Pruning Logic Adjustment

AIBooster integration pruners skip monitoring during the warmup_duration (default 60 seconds) from the start of execution, then perform checks every check_interval (default 10 seconds). At each checkpoint, they calculate statistical values (mean, min, or max) from metrics collected during the last check_interval period and compare against the threshold condition to determine whether to prune.

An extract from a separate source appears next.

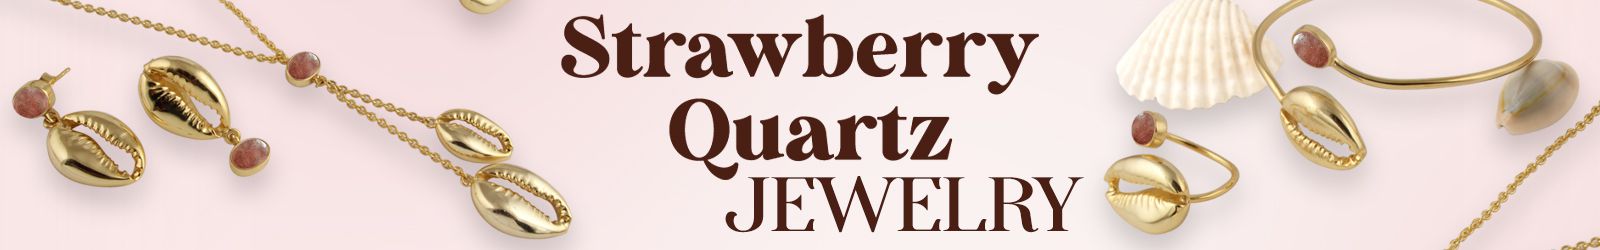 Wholesale Strawberry Quartz Jewelry
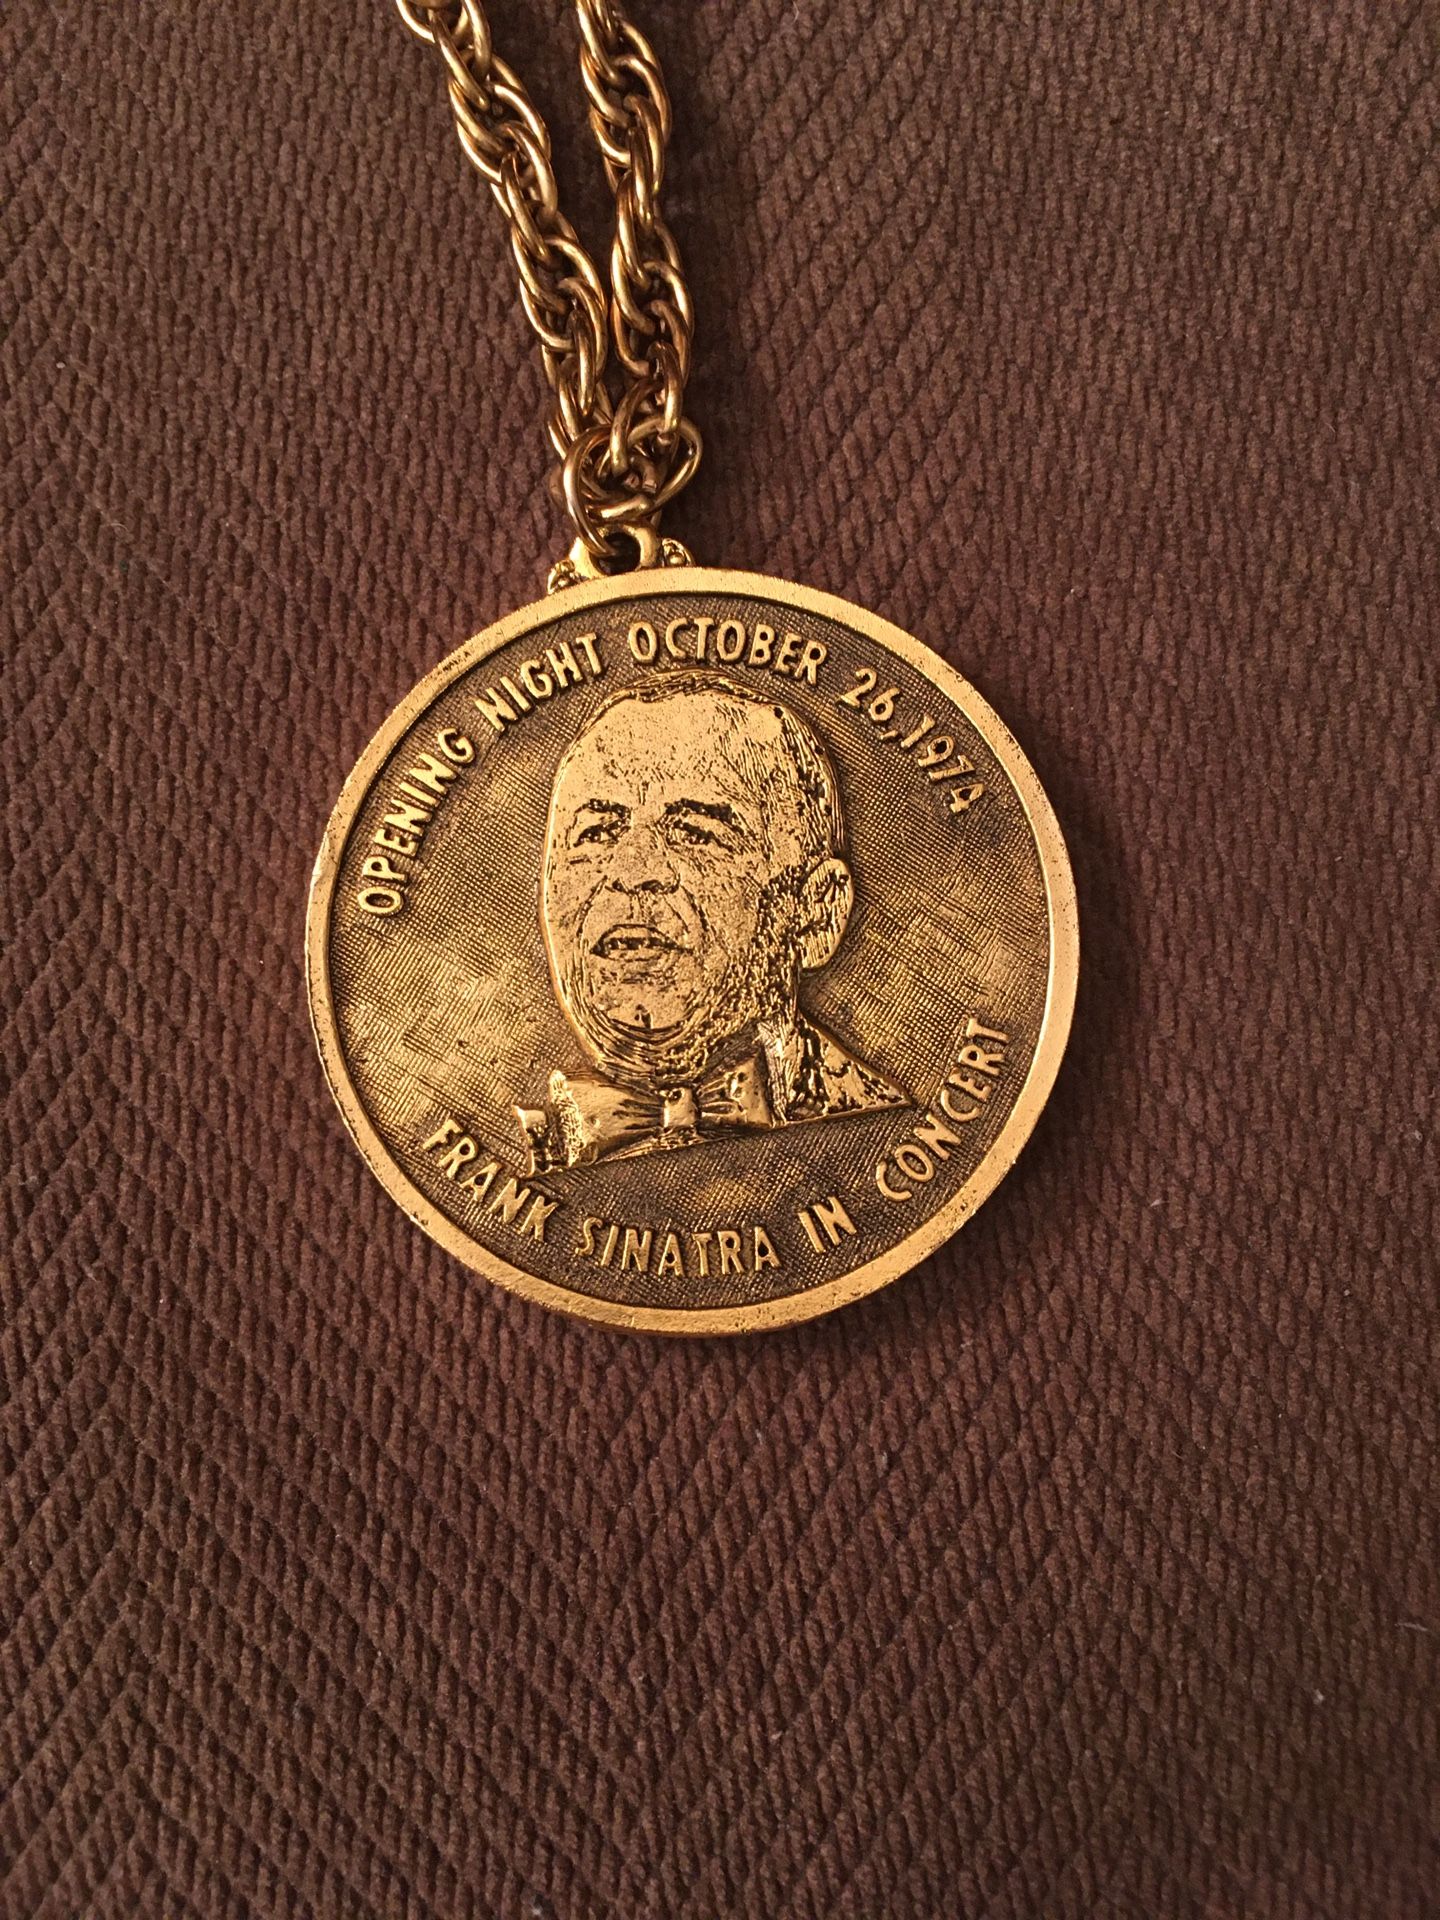 Frank Sinatra collector medal

For example, with the default GPU utilization pruner settings, after 60 seconds from execution start, it checks the "average GPU utilization over the last 10 seconds" every 10 seconds and prunes if it falls below the threshold. However, in deep learning workloads, CPU processing commonly continues for more than 10 seconds during data loading, evaluation phases, checkpoint saving, etc.

Please adjust these parameters appropriately based on your workload characteristics. If data preparation takes time, increase warmup_duration; if evaluation is frequent, increase check_interval to prevent unintended pruning.

Usage Examples

Please refer to the following example files:

  • examples/pruners/timeout_pruner_example.py
  • examples/pruners/gpu_memory_pruner_example.py